Wagyu breeders launch ambitious new ten-year progeny test program

Beef Central, 20/04/2021


THE Australian Wagyu Association will shortly announce an ambitious new ten-year Progeny Test Program designed to validate high-value emerging Wagyu sires, set to commence later this month and run until 2031.

The launch of the new progeny test (abbreviated as AWA_PTP) will be a major announcement on Day 1 of the upcoming WagyuEdge annual conference to be held at the Gold Coast from 27-29 April.

Through establishing a formalised progeny test program, AWA aims to increase the accuracy of existing high-value Wagyu EBVs, as well as develop new Wagyu-specific traits for reproduction, structure, carcase and eating quality, chief executive Dr Matt McDonagh said.

Over the past five years, the Association has seen a significant increase in animal registrations and submission of performance data and genotypes for genetic analysis with Wagyu BreedPlan. The AWA now holds more than 100,000 genomic profiles on Wagyu cattle and estimates that half of the active registered animals now have genomic-assisted Single-Step Wagyu Estimated Breeding Values (EBVs).

The AWA is the third largest breed registry by numbers of primary registrations per year. The AWA estimates that 80pc of calves registered in the last three years have genomic DNA profiles.

With more than 13,000 registered sires and 120,000 registered females, the AWA is now turning its attention to proving up the next generation of Wagyu sires.

The aim of the new ten-year Progeny Test Program is to consolidate the substantial breed progress to date and add further value to this data by testing progeny to validate high-value emerging Wagyu sires.

While the AWA-PTP represents the first formally-structured progeny test program for the Wagyu breed in Australia, progeny test programs have proven to be key in the advancement of the Australian beef industry’s genetic improvement for the past 30 years.

The AWA-PTP will help to identify genetically superior sires that will have a strong influence on the future direction of the Wagyu breed.

Main project objectives include:

  • Generating comprehensive progeny test data on approximately 250 emerging Wagyu bulls.
  • Capturing data on about 3500 female progeny for new and hard-to-measure traits including female fertility and maternal performance.
  • Capturing data on about 3500 steer progeny for feed efficiency and structure as well as new carcase and eating quality traits.
  • Producing high-accuracy EBVs for Project Sires and Contributor Cow Herds and benefit the rest of the Wagyu population through genetic linkage and the use of genomic analysis.
  • Improving outcomes of breeding decisions and increase rate of genetic gain within the Wagyu breed, and
  • Expanding the diversity and size of the reference population for the Wagyu breed, leveraging the AWA genomic, pedigree and performance data to enable the validation and refinement of Wagyu BreedPlan and Selection Indexes.

Operating for ten years between 2021 and 2031, the AWA-PTP will join about 40 Fullblood Wagyu sires each year to more than 2000 Wagyu females over seven breeding cycles, using fixed time AI as recommended by AWA’s assisted reproduction partner Vetoquinol’s Repro360 team.

These females will be located across multiple contributor herds, spanning a range of Australian production environments.

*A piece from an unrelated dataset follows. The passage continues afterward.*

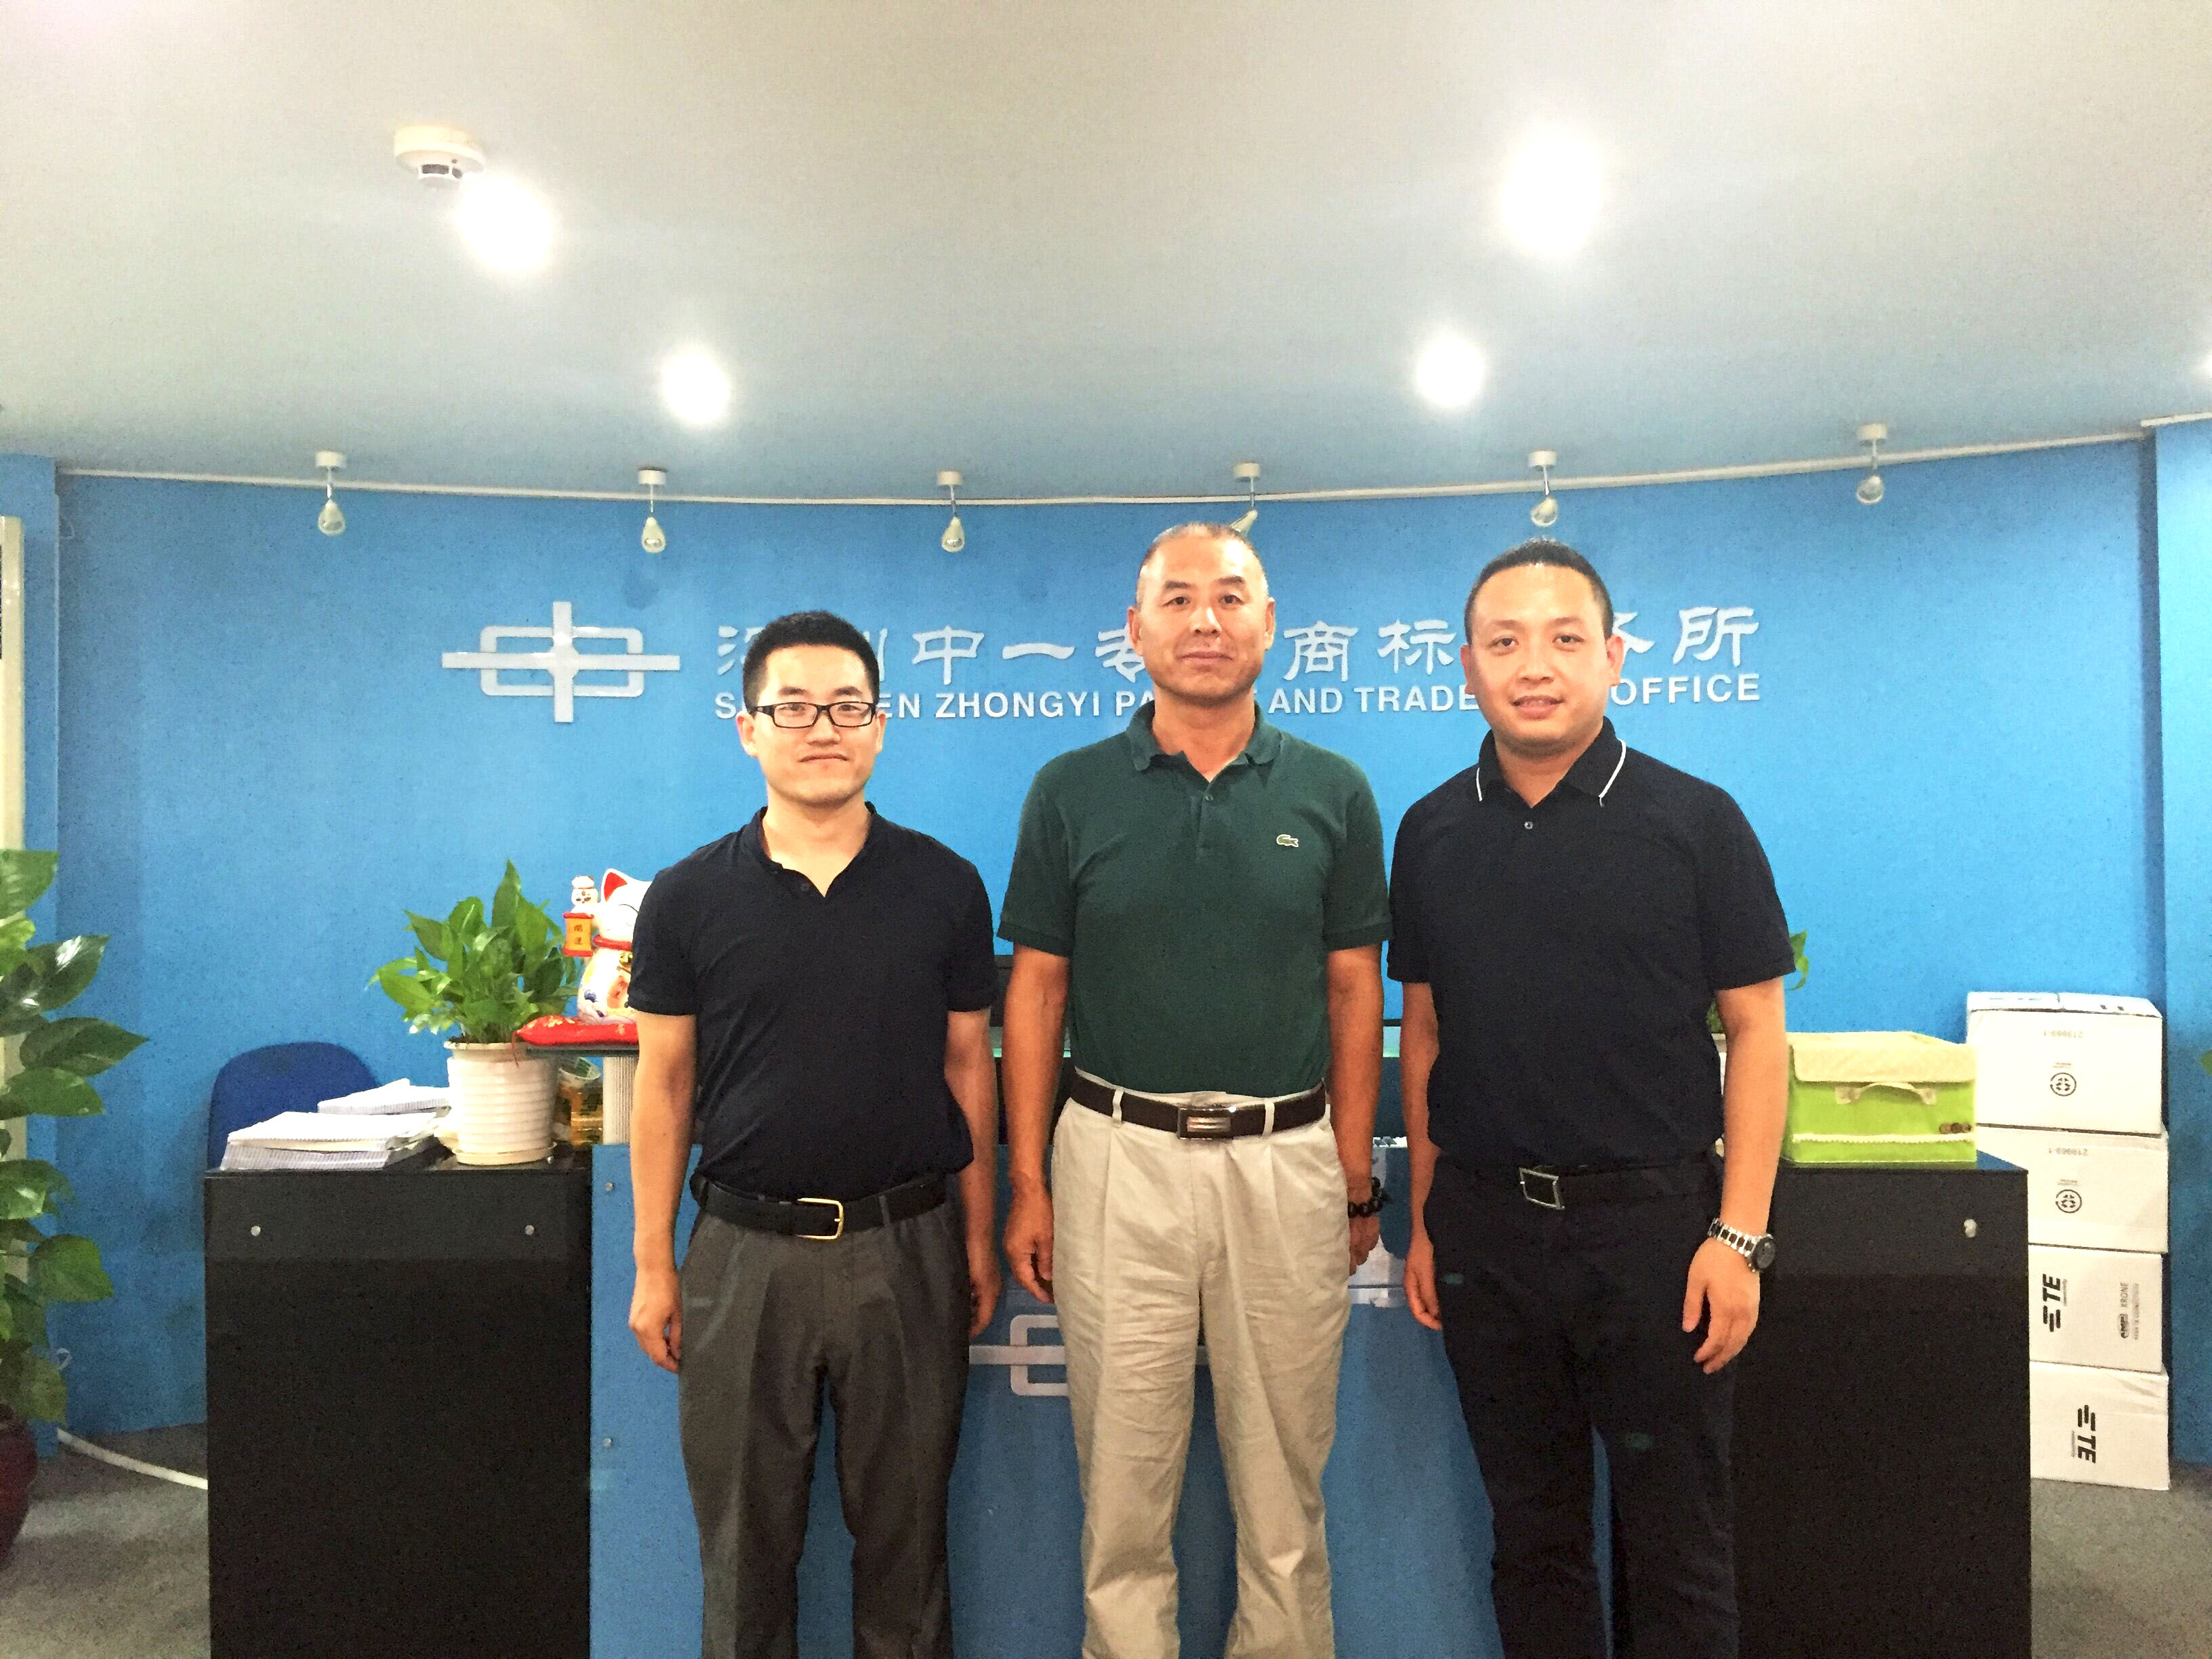 IPRdaily CEO Zhou Peng, etc. inspected Zhongyi

Contributor herds will be supported by AWA-PTP animal health partner Zoetis, to ensure best practice management of herd health treatments.

Formal launch

The formal launch of the Australian Wagyu Association Progeny Test Program will take place on Day 1 of the 2021 WagyuEdge annual conference, presented by the Association’s CEO, Dr Matt McDonagh, and the recently-appointed program manager, Laura Penrose.

Dr McDonagh said the 2021-2031 AWA Progeny Test Program was the AWA’s investment back into the Wagyu sector, to underpin the continuous genetic improvement of Japanese Black Wagyu cattle.

“The Australian industry is globally linked, with AWA members from more than 20 countries that can contribute sires to the program. This will allow us to compare and test the full range of diversity in Wagyu genetics from around the world,” Dr McDonagh said.


  • Registrations for the WagyuEdge Annual Conference are almost at capacity, but registrations are still open to virtual delegates. Click here to register.  
  • The Australian Wagyu Association will host a trade site at Beef 2021 in Rockhampton next month, located in the Durack Pavilion. Stakeholders are invited to drop in and learn more from program manager Laura Penrose about the ambitious new project.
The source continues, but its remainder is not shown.